- _Provided data_
*** Block opens ***
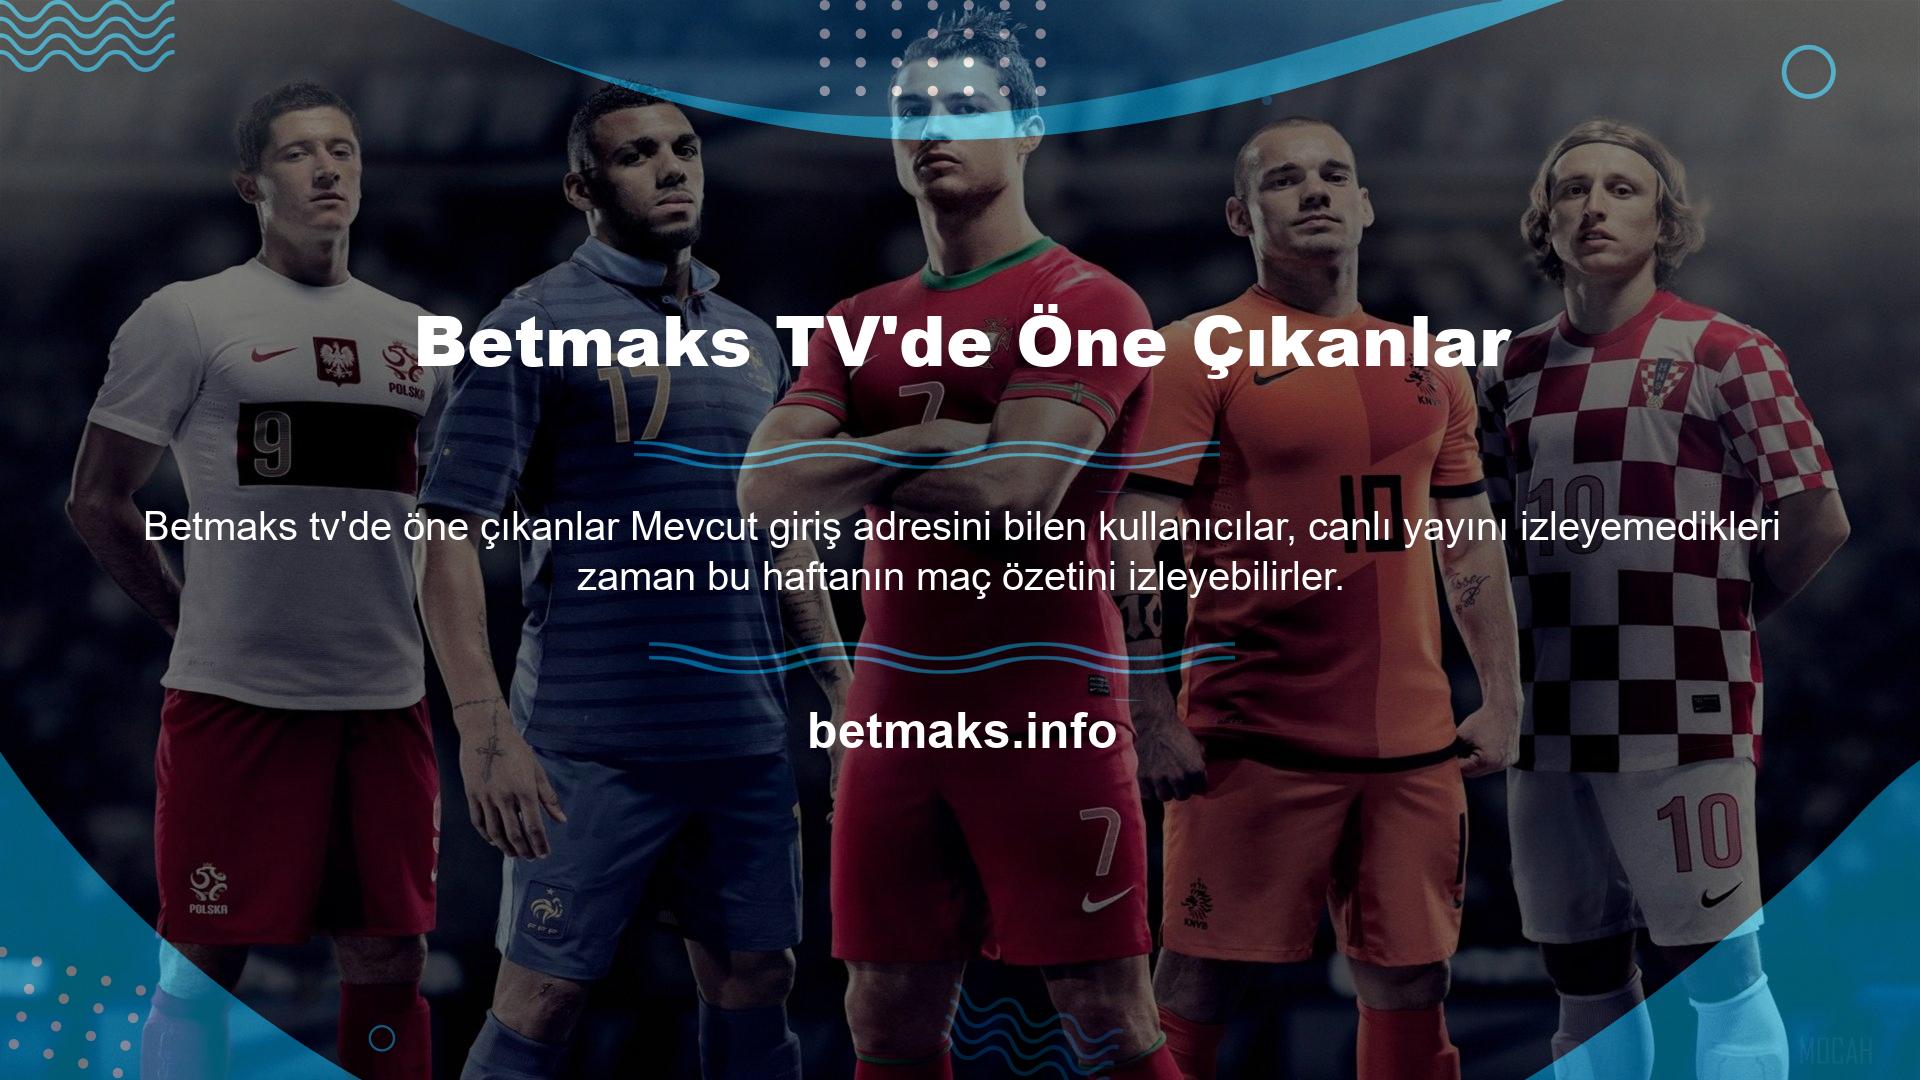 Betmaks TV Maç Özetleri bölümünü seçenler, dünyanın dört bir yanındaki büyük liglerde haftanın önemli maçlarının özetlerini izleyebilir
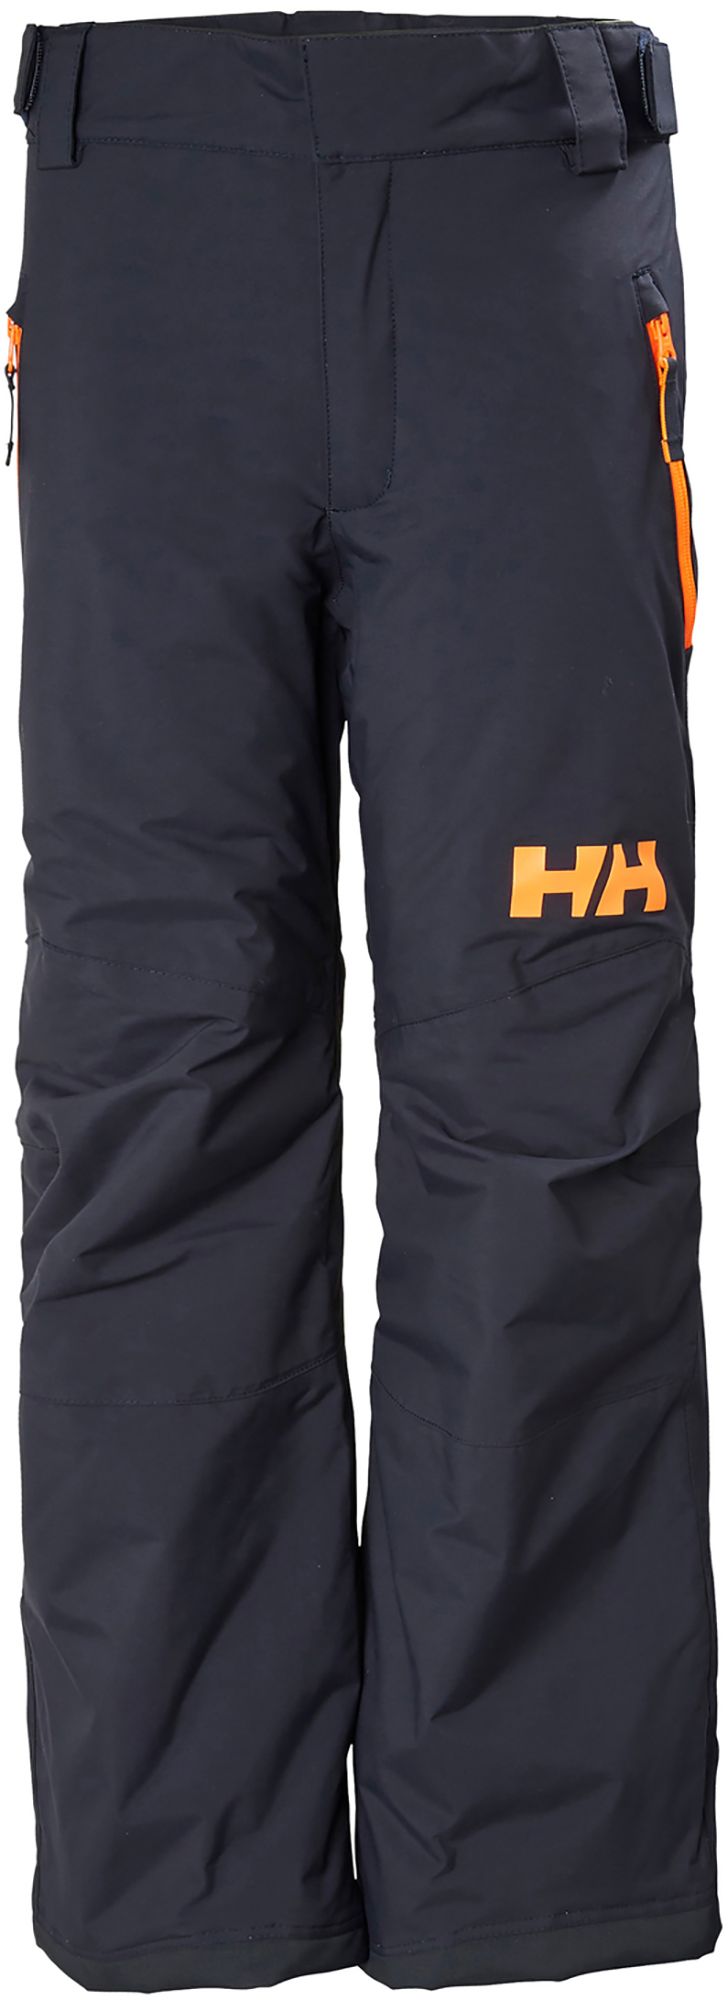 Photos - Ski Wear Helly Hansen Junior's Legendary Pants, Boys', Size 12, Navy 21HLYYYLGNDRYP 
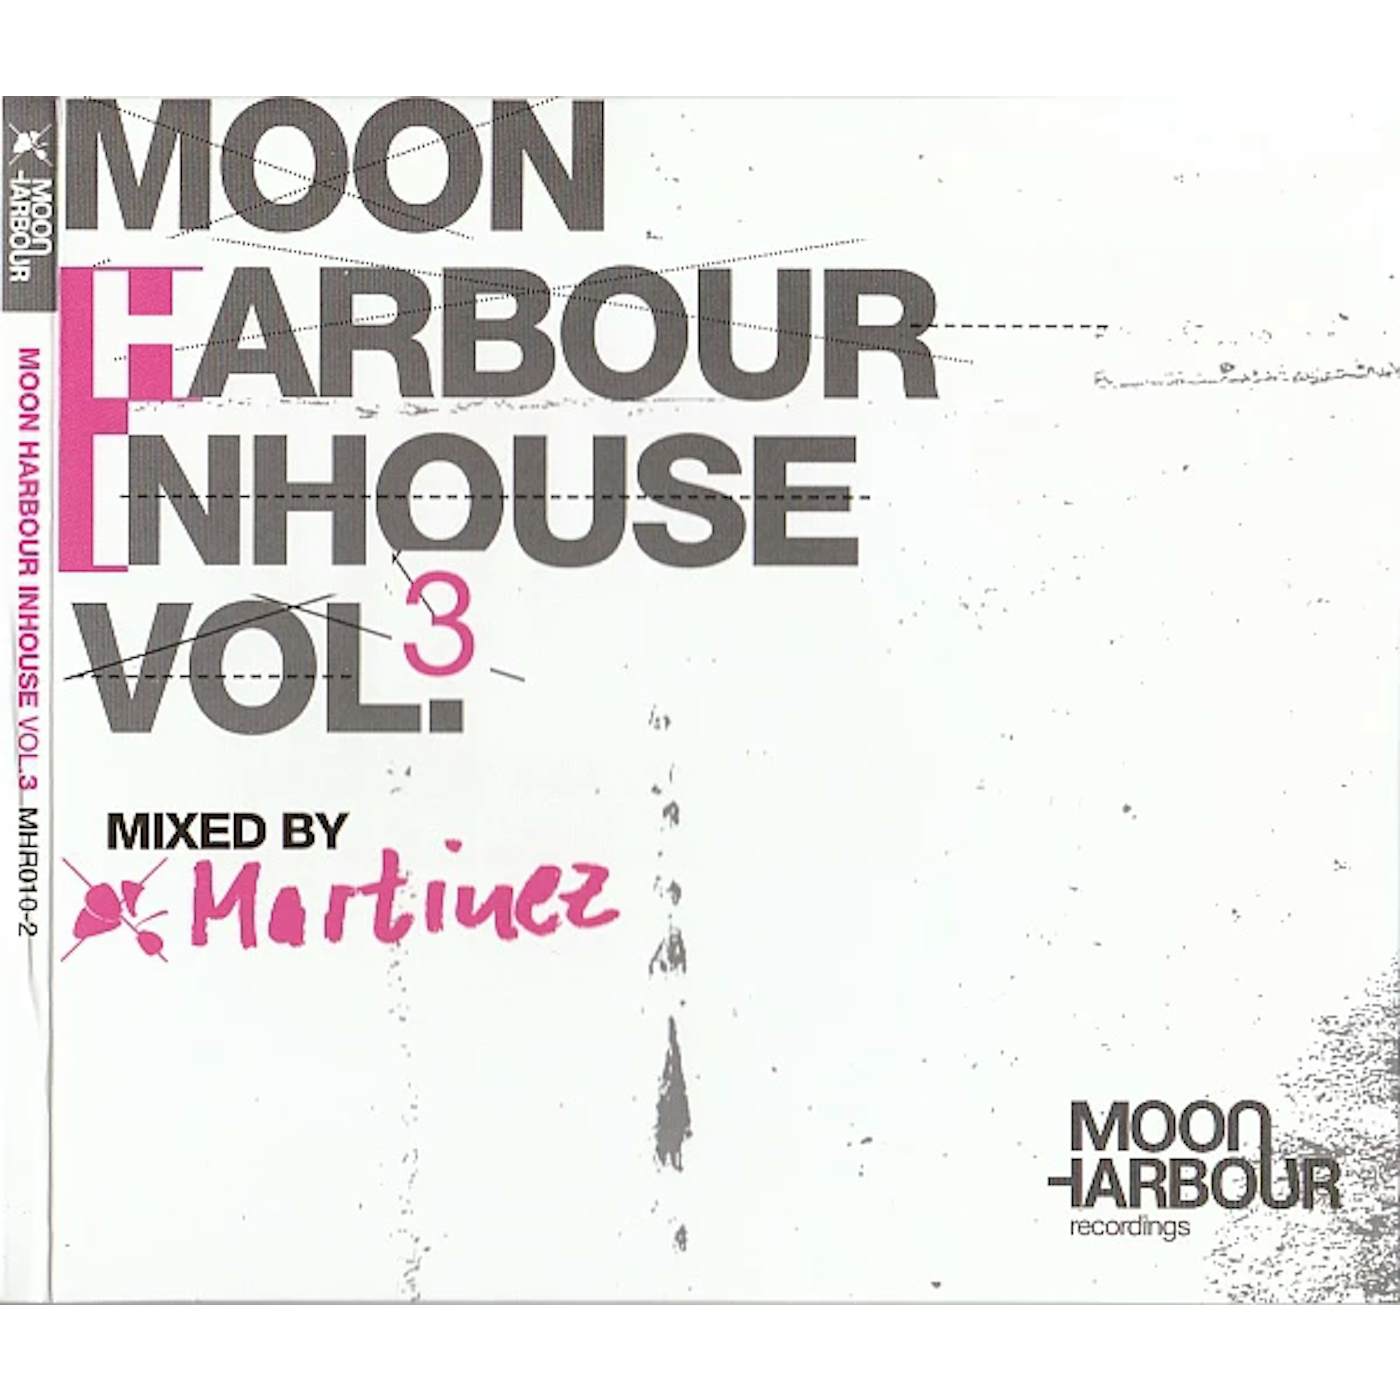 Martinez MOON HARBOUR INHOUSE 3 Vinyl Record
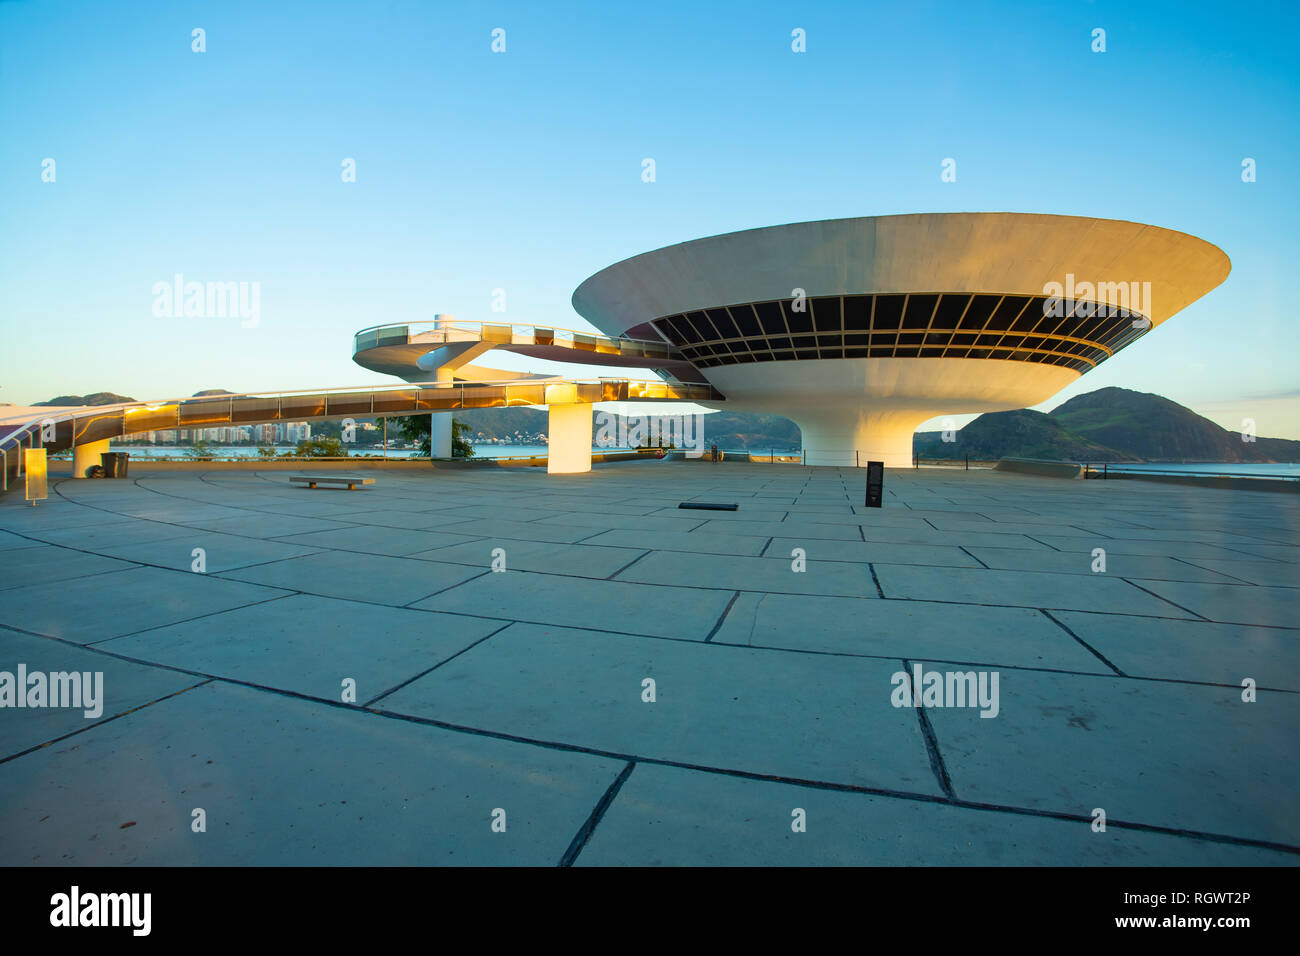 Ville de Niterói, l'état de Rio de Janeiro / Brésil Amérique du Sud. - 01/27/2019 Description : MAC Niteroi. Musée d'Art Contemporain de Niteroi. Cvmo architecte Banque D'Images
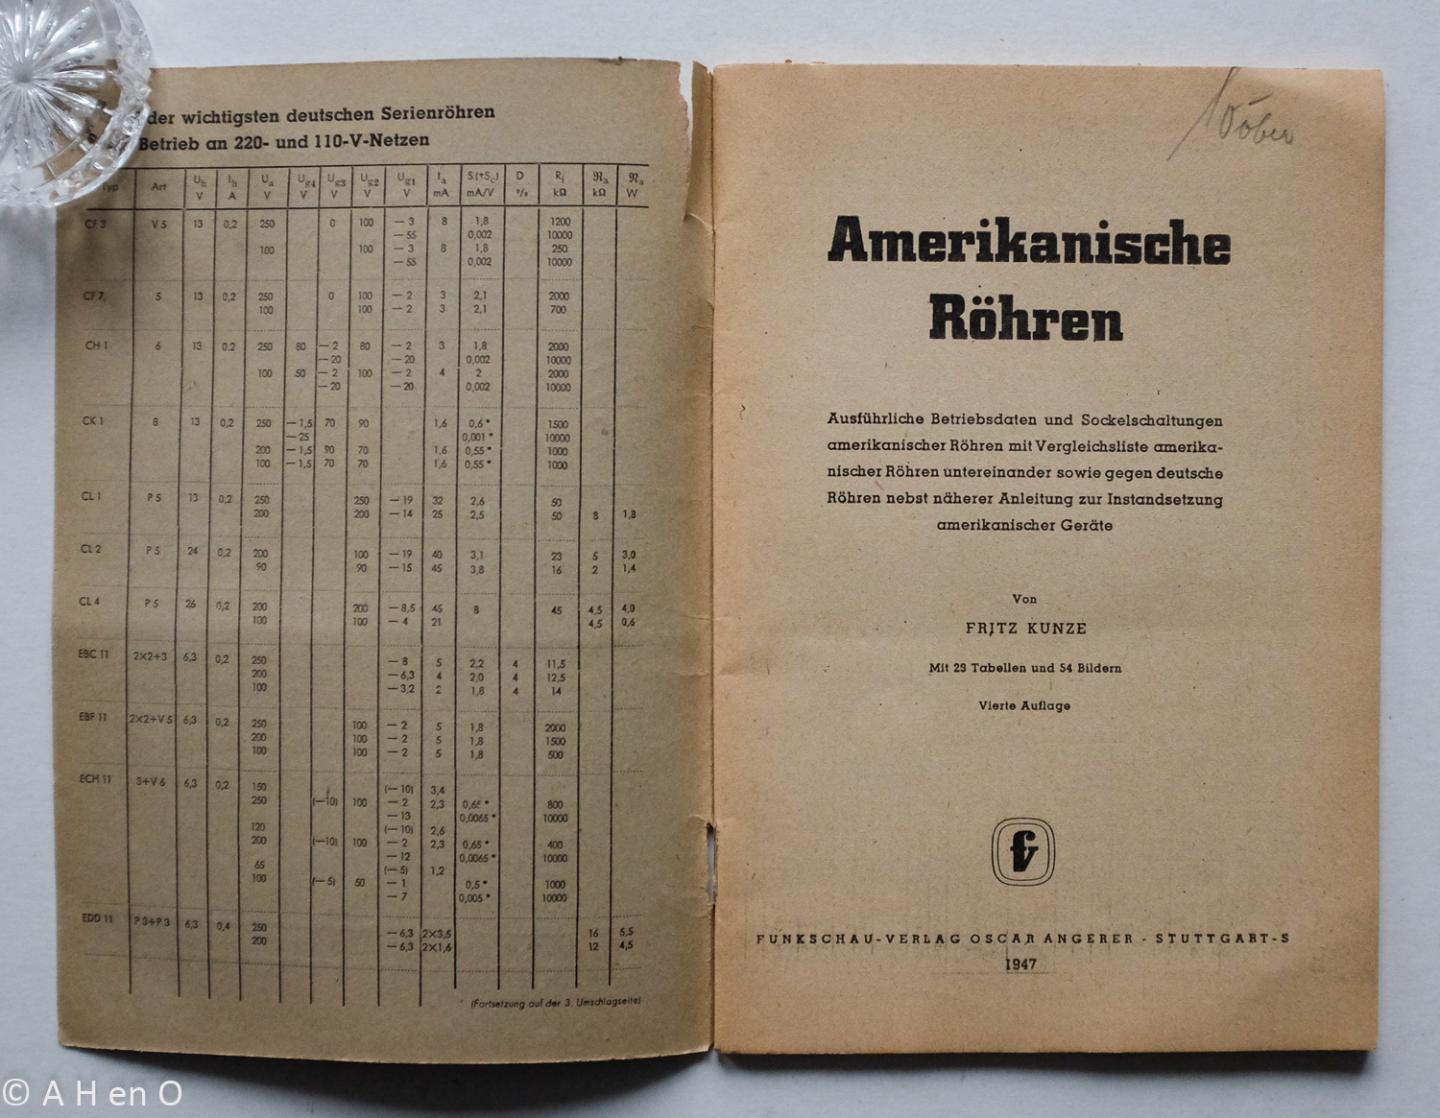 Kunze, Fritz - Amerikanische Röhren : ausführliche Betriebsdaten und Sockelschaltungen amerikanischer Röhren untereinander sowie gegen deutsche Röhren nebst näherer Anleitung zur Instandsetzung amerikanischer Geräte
*** Block closes ***
- _Task statement_
Only the lines from the one with "Photos - Ski" through the last line of the listing belong in your answer; copy them exactly and skip the pictures.

- _Written response_
 Photos - Ski Wear Helly Hansen Junior's Legendary Pants, Boys', Size 12, Navy 21HLYYYLGNDRYP 
 Martinez MOON HARBOUR INHOUSE 3 Vinyl Record
 Ville de Niterói, l'état de Rio de Janeiro / Brésil Amérique du Sud. - 01/27/2019 Description : MAC Niteroi. Musée d'Art Contemporain de Niteroi. Cvmo architecte Banque D'Images
 Kunze, Fritz - Amerikanische Röhren : ausführliche Betriebsdaten und Sockelschaltungen amerikanischer Röhren untereinander sowie gegen deutsche Röhren nebst näherer Anleitung zur Instandsetzung amerikanischer Geräte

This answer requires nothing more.